As providers we are always bombarded with new regulations, government mandates and creative insurer plans or programs designed to help us increase our revenue. But with limited time and other resources, doctors and mid-levels need to quickly and clearly understand if some new program is right for them. With that in mind, here is a summary of Accountable Care Organizations based on what we know about them from the latest CMS regulations and a pros/cons analysis to help you decide if it is something you want to participate in.
Definition:
An accountable care organization is a group of providers and suppliers of services that coordinate to provide high quality care (as defined by CMS) to a group of Medicare beneficiaries who are not in a Medicare Advantage program
- Providers from individual practices, group practices or a network of ACO professionals can participate regardless of speciality
- The financial benefit is that providers can get the savings from care provision in an ACO program as extra revenue
- The risk is that providers may share in the loss of money from care provision in an ACO program
The requirements to participate are:
- File application with CMS,
- Form a legal entity that is linked through bank accounts with CMS,
- Have at least 5,000 Medicare beneficiaries over 3 years in panel,
- From governing body with at least 75% of individuals participating in ACO.
- Have a Board certified physician as medical director, CMS liason on ACO leadership
committee
- Have quality improvement program and abiility to identify high-risk individuals in place
Approval is a for a 3-year period at stretch
What quality measures are tracked:
- Patient-care giver experience
- Preventative health
- At risk population/frail or elderly
These measures are tracked by comparing to benchmark data sent by CMS and scores 1-5 are assigned to each.
If the performance is better than the benchmark then savings occurs, if not then loss.
Example:
Practice XYZ has teamed up with Practice A, B and C to form an ACO. Each individual practice only has 1-2 physicians. The ACO scores 2,3,3,4,5 in the quality measures listed above in year 1. CMS determines that it is above benchmark and decides to pay $500,000 of savings from quality care to the practice. In year 2, the scores change and the expected performance (shown by the benchmark) result in loss of 400,000 and also in year 3 the loss is 250,000. The data for the performance in each of the 5 areas is supplied through the electronic medical record. Each year the gain or loss is split up within the group forming the ACO.
Pros- ACOs:
Can result in extra revenue through cost savings
Help organizations establish valuable care processes (ie. quality improve program, tracking certain data, better of electronic medical record functions)
Results in better coordination of care for the patient
Cons-ACOs:
Time-consuming to set up an ACO and run it
Could be costly from setting up the ACO, loss from performance below benchmarks
Too many unknowns -not sure what new rules CMS will require in years to come
The ideal ACO participants: Practices that have several providers and staff, have a QI program, use the EMR to track outcomes and have a large Medicare population.
Quotes about ACOs from different experts in the field:
"But if ACOs models are to work, they’ll eventually have to embrace smaller practices, which make up the vast majority of U.S. medical groups overall. And if those groups are either EMR-less or just getting started, it’s going to be pretty tough to share value-based payments, coordinate across episodes of care and track quality jointly" -Kathryn Rourke (EMR and EHR)

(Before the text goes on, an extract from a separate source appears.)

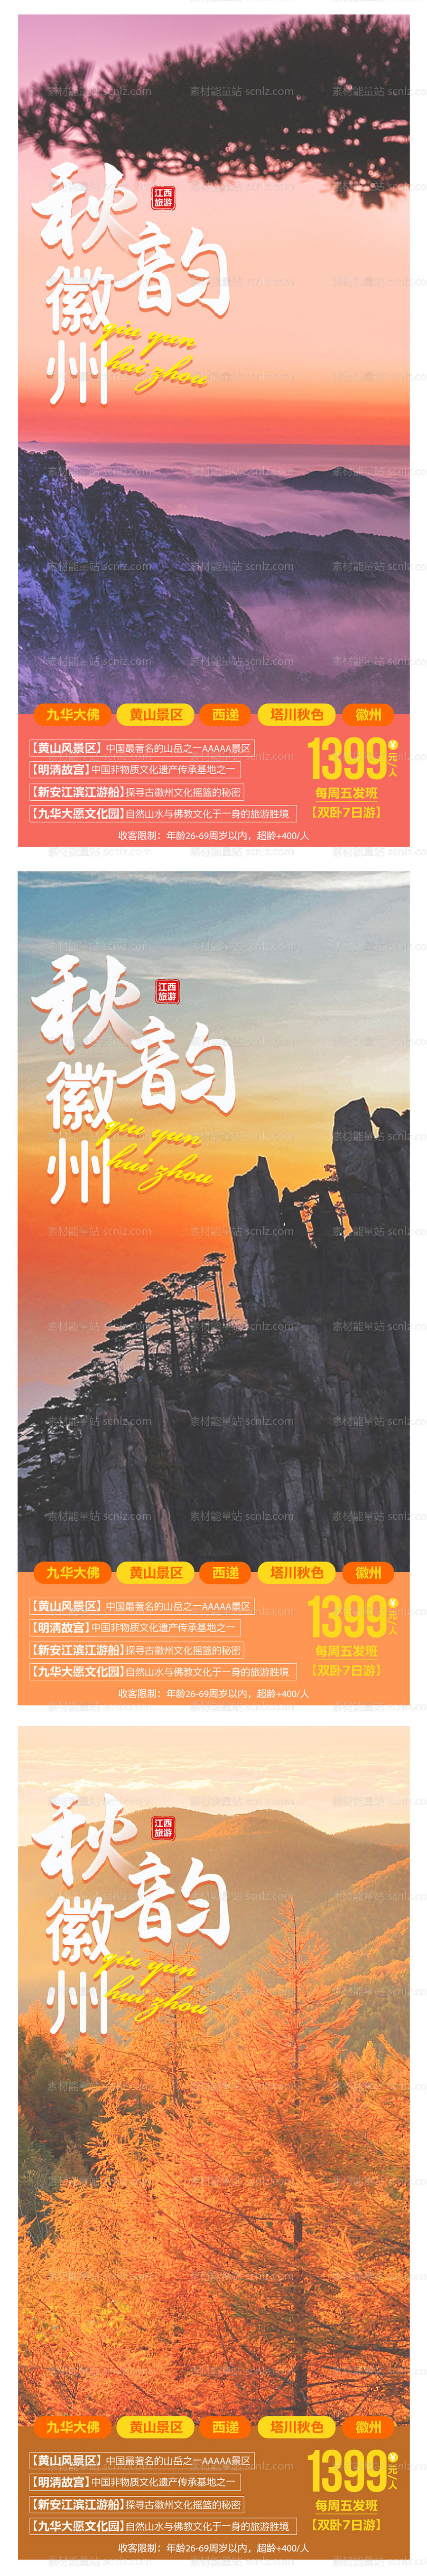 素材能量站-秋韵徽州旅游系列海报

"But here’s the problem with ACOs: They are a tool in a big tool box of care and cost management tools but, like all of the other tools over the years like HMOs and IPAs, they won’t be used as they were intended because everybody—providers and insurers—can make more money in the existing so far limitless fee-for-service system." - ROBERT LASZEWSKI (The Healthcare Blog)
Conclusion:
What do you think? Are ACOs something you want to or would be a part of? We would love to hear your thoughts?